Particle Scale Modeling of CuFeAlO4 During Reduction with CO in Chemical Looping Applications

Particle scale models that couple reaction phenomena to changes in the solid-state chemistry of an oxygen carrier system are critical to the advancement of the chemical looping concept by allowing for a means to assess process scale up. This work presents an analysis of the reduction for a CuFeAlO4 oxygen carrier with Carbon Monoxide (CO). The analysis was utilized to aid in the application of particle scale model representation of the carrier system. An experimentally driven study was conducted to provide an array of operational/parametric data sets for the analysis and their impact accessed.

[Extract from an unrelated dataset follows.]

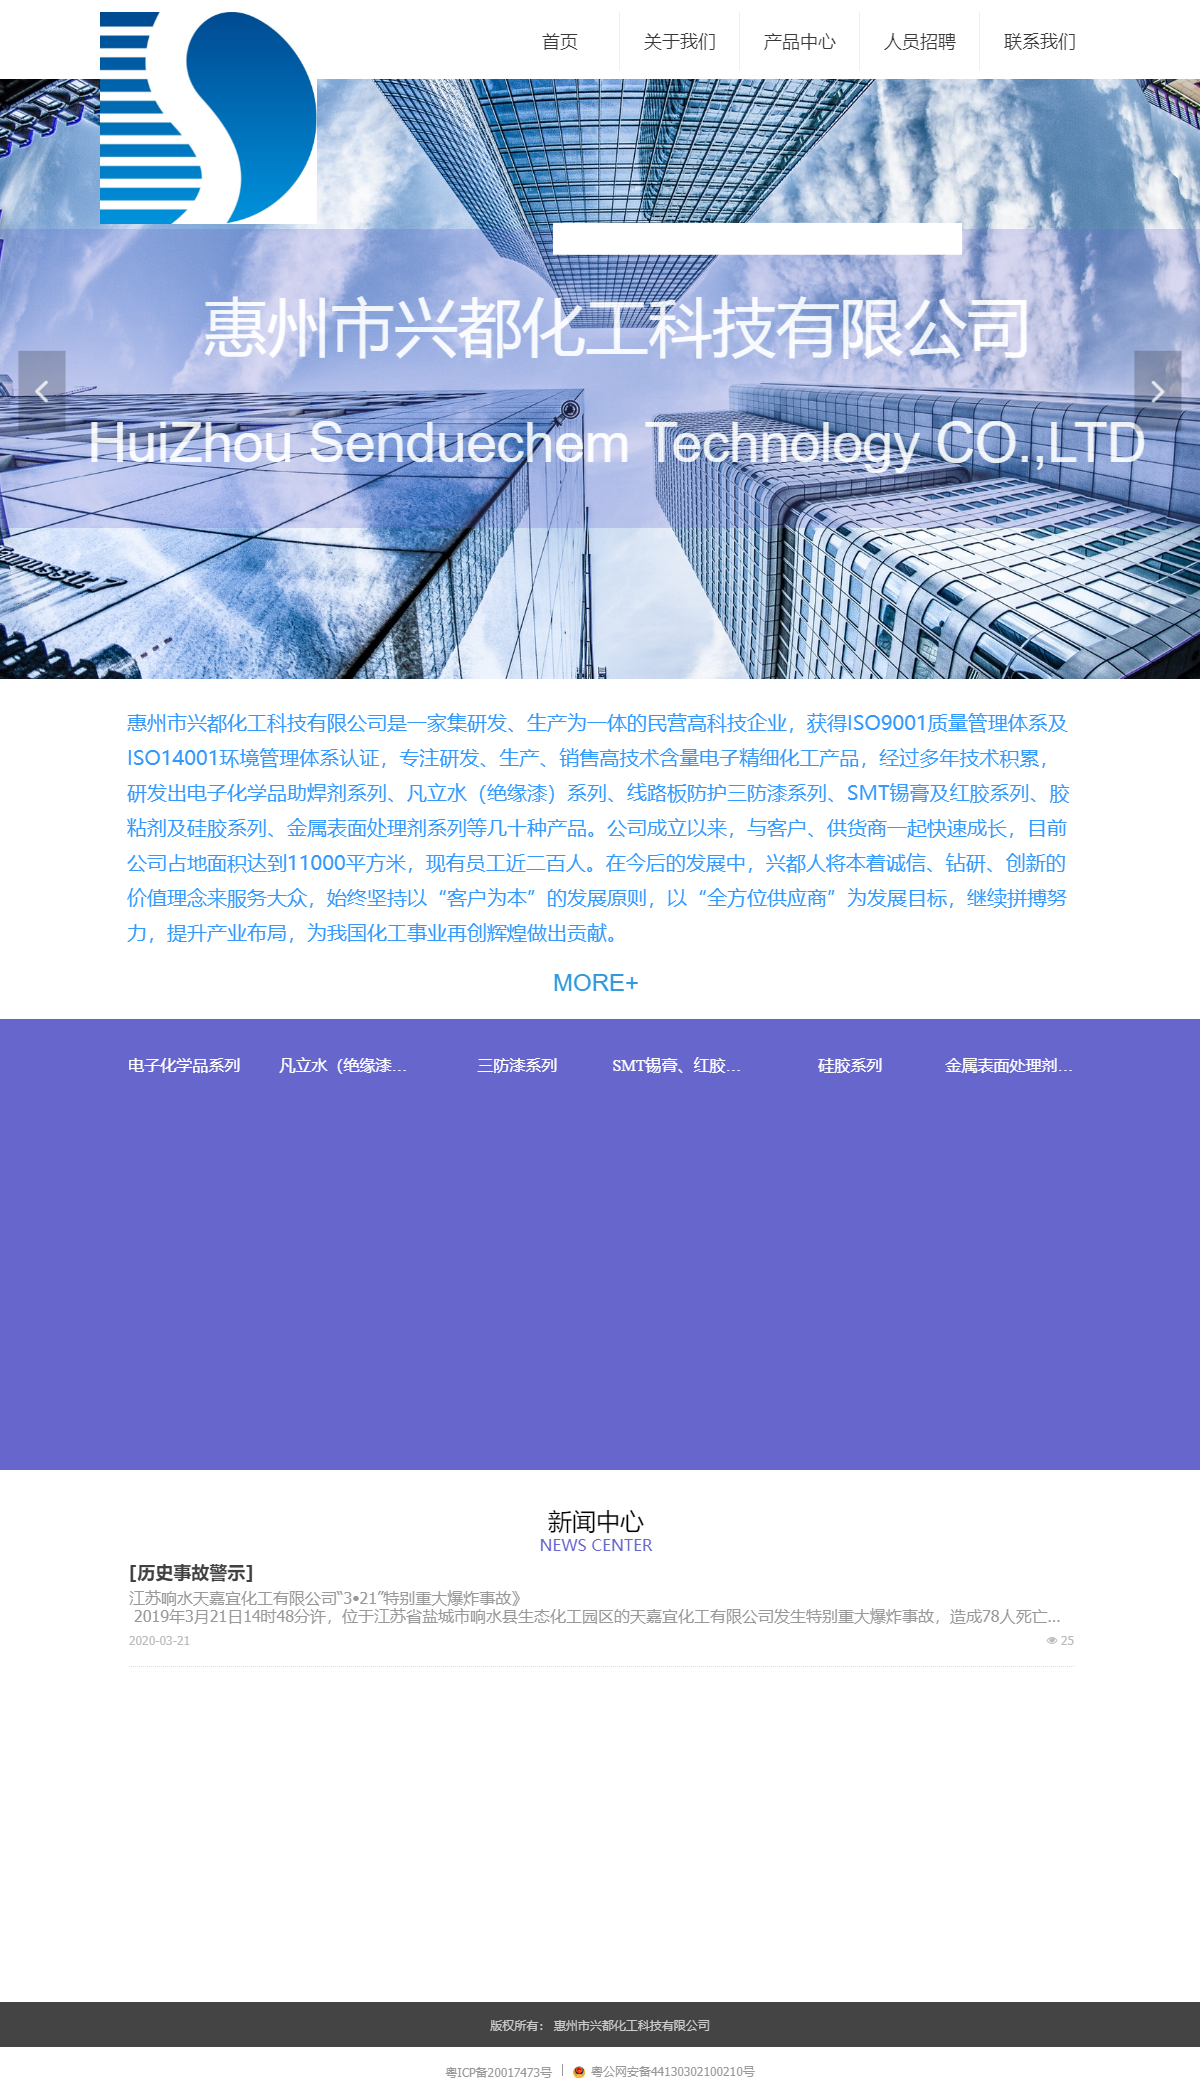 惠州市兴都化工科技有限公司网站案例

Quantification of the cubic spinel oxide phase and changes due to lattice oxygen depletion from reduction were explored to link the solid-state chemistry changes to the reaction progression. Reduction occurred in a multistep process as oxygen was depleted from the structure. Oxygen bound to Cu cations were the first to react with CO. As oxygen was depleted further phase re-orientation occurred resulting in an iron based aluminate (FeAl2O4) with discrete metallic copper present. FeAl2O4 was further depleted of oxygen to metallic Fe and alumina. The multistep process was emulated through the use of a multi-interface Grainy pellet model. To add to the utility of the model, the effects of product gas, CO2, on the reaction progression were incorporated into the description. In addition, the catalytic effects of the Boudouard reaction were examined and incorporated into the representation adding to the novelty of the work.